Sonoko rattled the ice cubes in her milk tea with a clinking sound. Linking arms with Ran, she navigated the labyrinthine Shinjuku Station, her eyes seeming to glint with sly knowledge: There's nothing you can hide from me, Mouri Ran. The first crack in the spring ice is visible only to the deer who comes to drink from the same spot every single day.
"How... how can you ask that so suddenly?" Ran covered her face for a long moment before finally, half in embarrassment, raising her eyes to look at the friend who had always been by her side.
"Do I really need to spell it out?" Sonoko's voice was firm. "Before, when I'd ask you out, you'd always say cheerfully, 'Sure, where to?' But now, two or three times out of ten, you look at your phone, get that look on your face, and say, 'Tonight might be a bit difficult...'"
She mimicked Ran's tone, capturing it perfectly. "And besides, you have this air about you now... hmm, a kind of 'happy loneliness.'"
Ran repeated the phrase silently in her mind, only then remembering that the person beside her was already a seasoned expert in long-distance relationships. It was entirely possible that even the latest news about a romance could only be half-hidden, half-confessed; this inexpressible state of mind was perhaps its own form of 'happy loneliness.' She had never known she could count herself among the ranks of those who carried secrets in silence.
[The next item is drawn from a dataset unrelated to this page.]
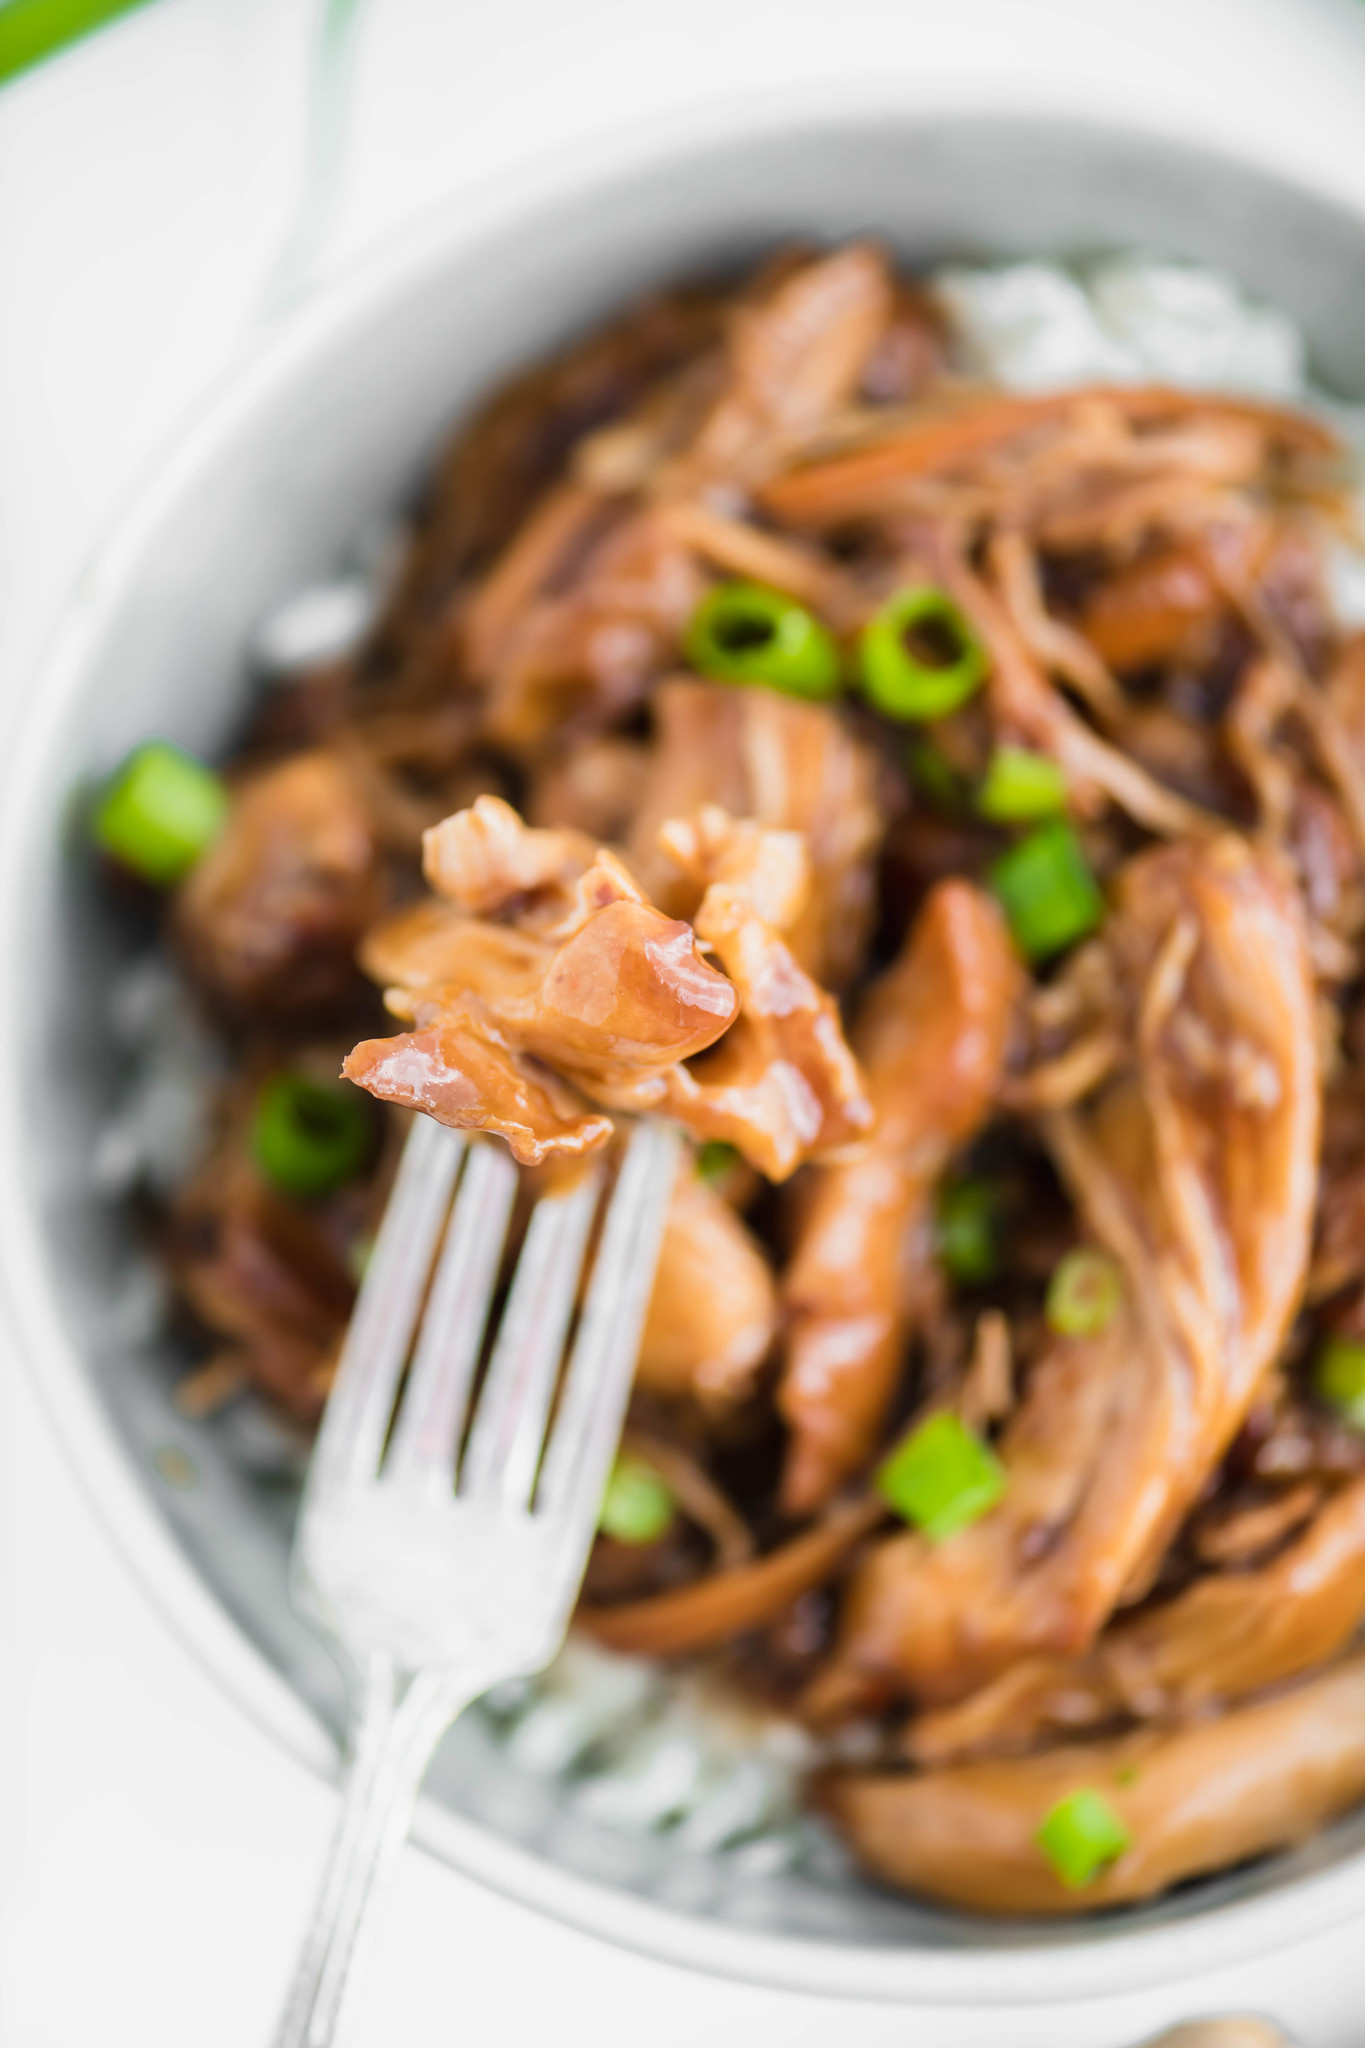 Slow Cooker Bourbon Chicken is just what your busy weeknights need. Packed full of sweet, sticky, rich flavor.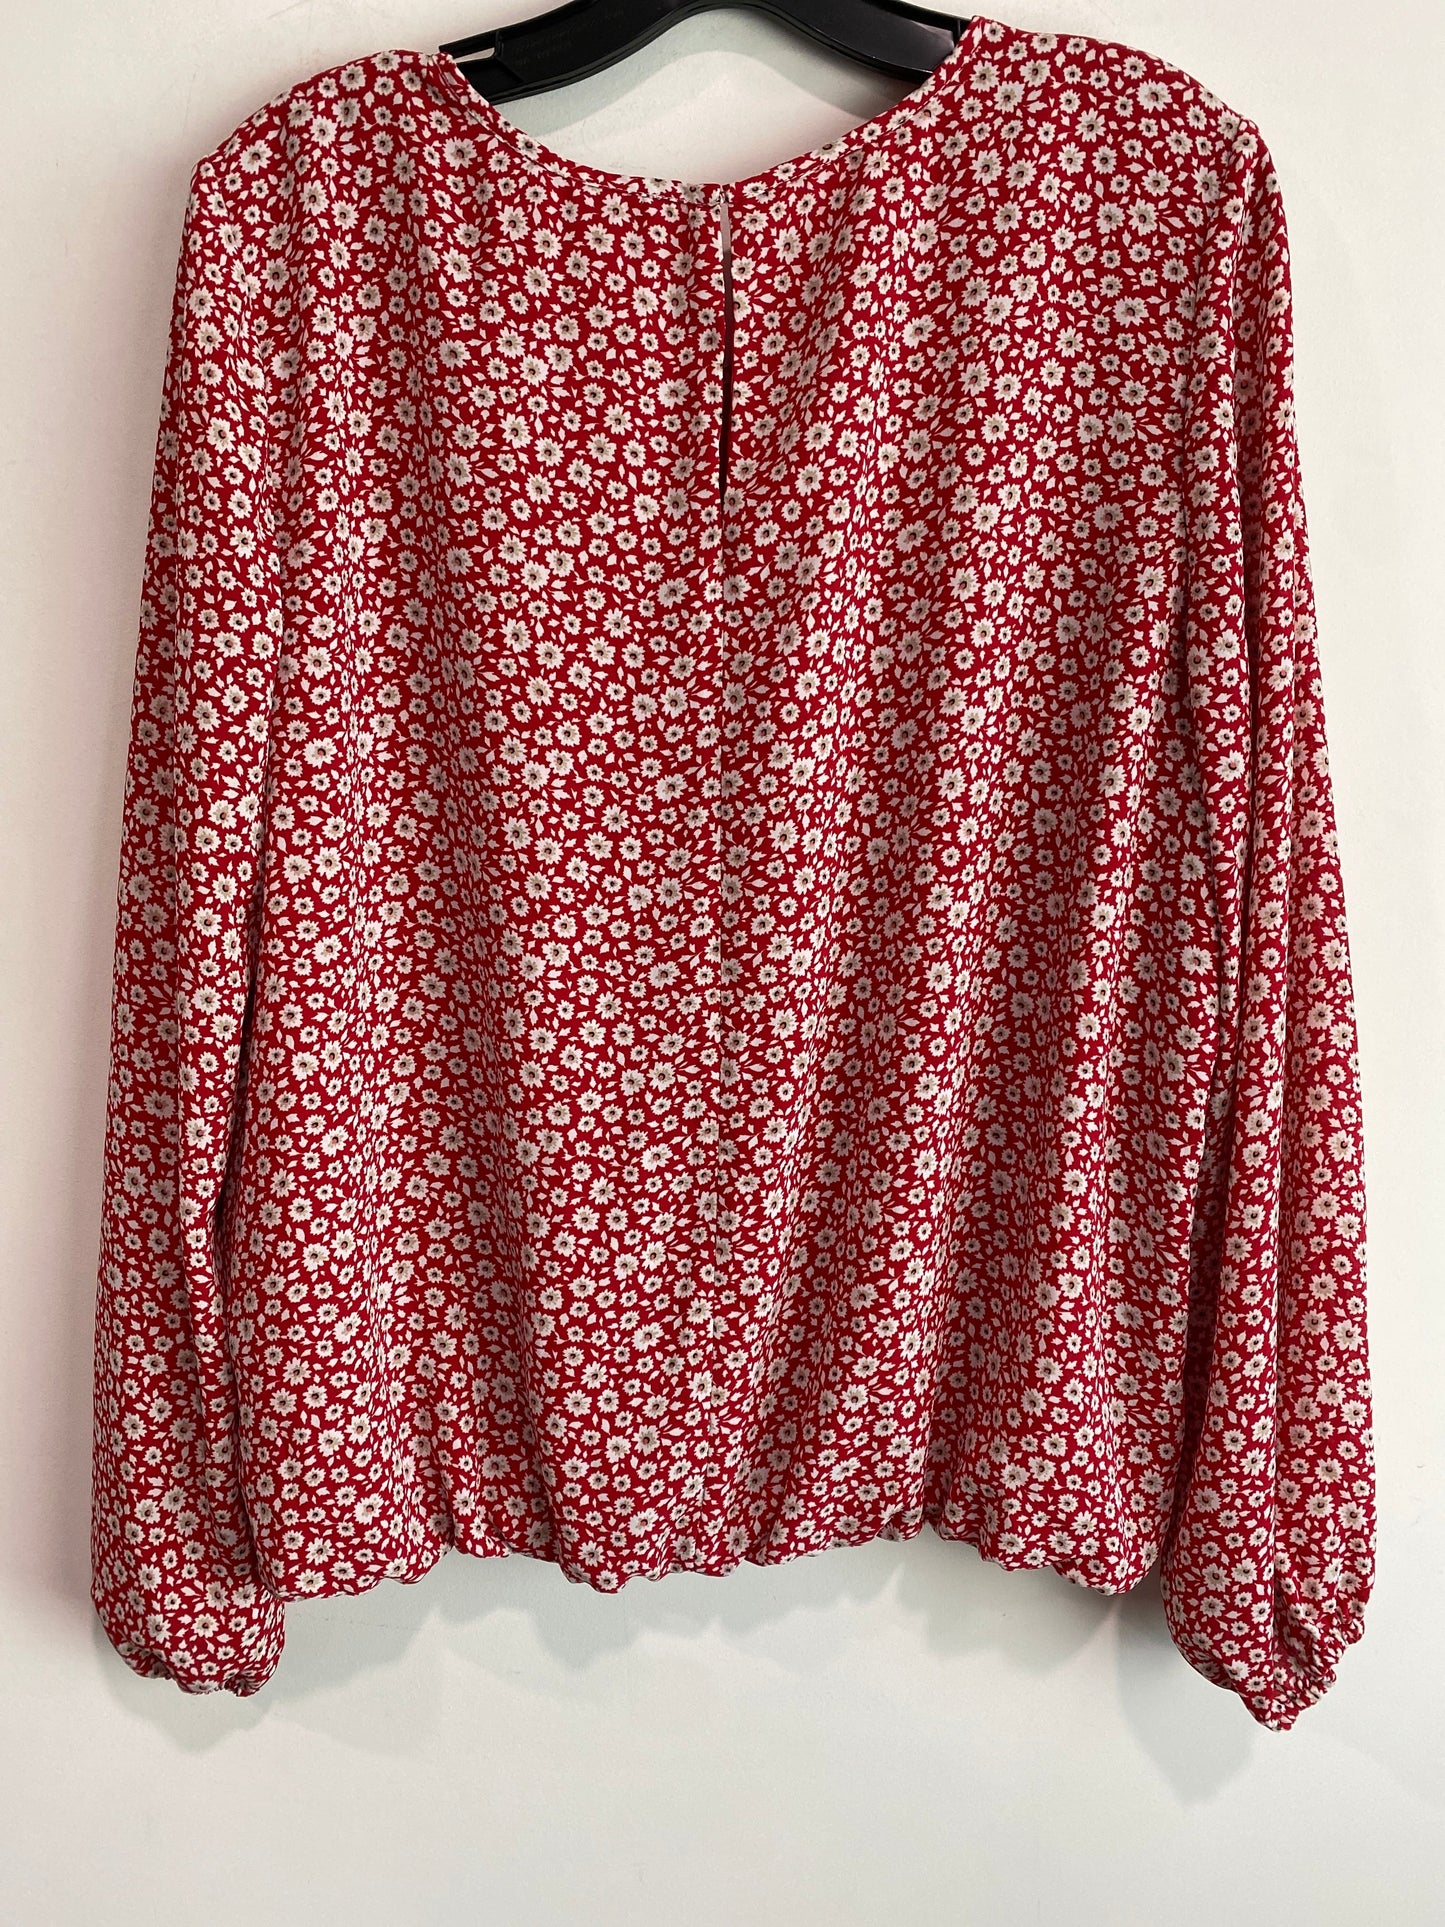 Red Top Long Sleeve Tommy Hilfiger, Size Xl

"There is... someone very important," she finally admitted in a soft voice.
"Really?! Oh my god! What are they like? Do I know them? Tell me, tell me!" Sonoko immediately leaned in closer, brimming with affectionate curiosity.
"Ah, well... It started about three months ago..."
Three months ago, it had been nearly half a year since she and Kudou Shinichi had officially broken up. The reason was official and beyond reproach: separated by an ocean, communication had dwindled; feelings had faded, and so they had parted ways. She had matched his increasingly cool and distant tone during their overseas calls, replying to those emails that became so brief they were mere greetings, every word tinged with estrangement. Her mother, Kisaki Eri, worried, had made a special trip to see her. As Eri looked at her daughter's noticeably thinner face, hesitating to speak, Ran had managed to pull up a strained but composed smile: "Mom, don't worry, I'm fine. Shinichi and I... we just reached the end, that's all." Eri had soothingly stroked her head, murmuring, "You can't force fate," and never mentioned that "boy from the Kudou family" she had once been so proud of again.
In her heart, Ran understood. Through wind and rain, certain pieces of information always found their way through the cracks, hinting that the separation was merely a temporary measure, a performance staged for the eyes watching from the shadows.
For the first month, the second month, she could still spare a fragment of her thoughts amidst the rhythms of daily life to think of him, to worry about him. By the third month, the fourth month, the loneliness began to gnaw at her bones, but the dangers were immense—how could she afford to make a single misstep? By the sixth month, a strange calm had settled over her. She had a premonition that she was approaching the end of a chapter in her life, hoping only that, whether he could return in the future or not, he would complete this final act flawlessly on the other side of the ocean.
It was an ordinary Tuesday. Mouri Ran was waiting for the train at Yoyogi-Uehara Station, on her way to her ikebana class. The platform wasn't crowded.
Her time with Kudou Shinichi had left her with a bad habit, a little boring game he always won. After all, he could trace a person's breakfast, grudges, and murder motives from the damp hem of their trousers. In crowded places like this, silently deducing the life trajectories of one or two strangers had once been their shared, unspoken pastime.
Ran tried to think like Shinichi:
A middle-aged man in a suit, his tie impeccably knotted, but the heels of his leather shoes showed subtle, uneven wear. She thought: Maybe he has a toddler who just learned to walk, who always tugs at his trouser legs when he leaves, so he's gotten used to walking slightly on his toes to avoid tripping? No, maybe it's more far-fetched—perhaps he's actually a corporate spy, and the wear on his heels is from a hidden microfilm cartridge he passes in a restroom stall every day.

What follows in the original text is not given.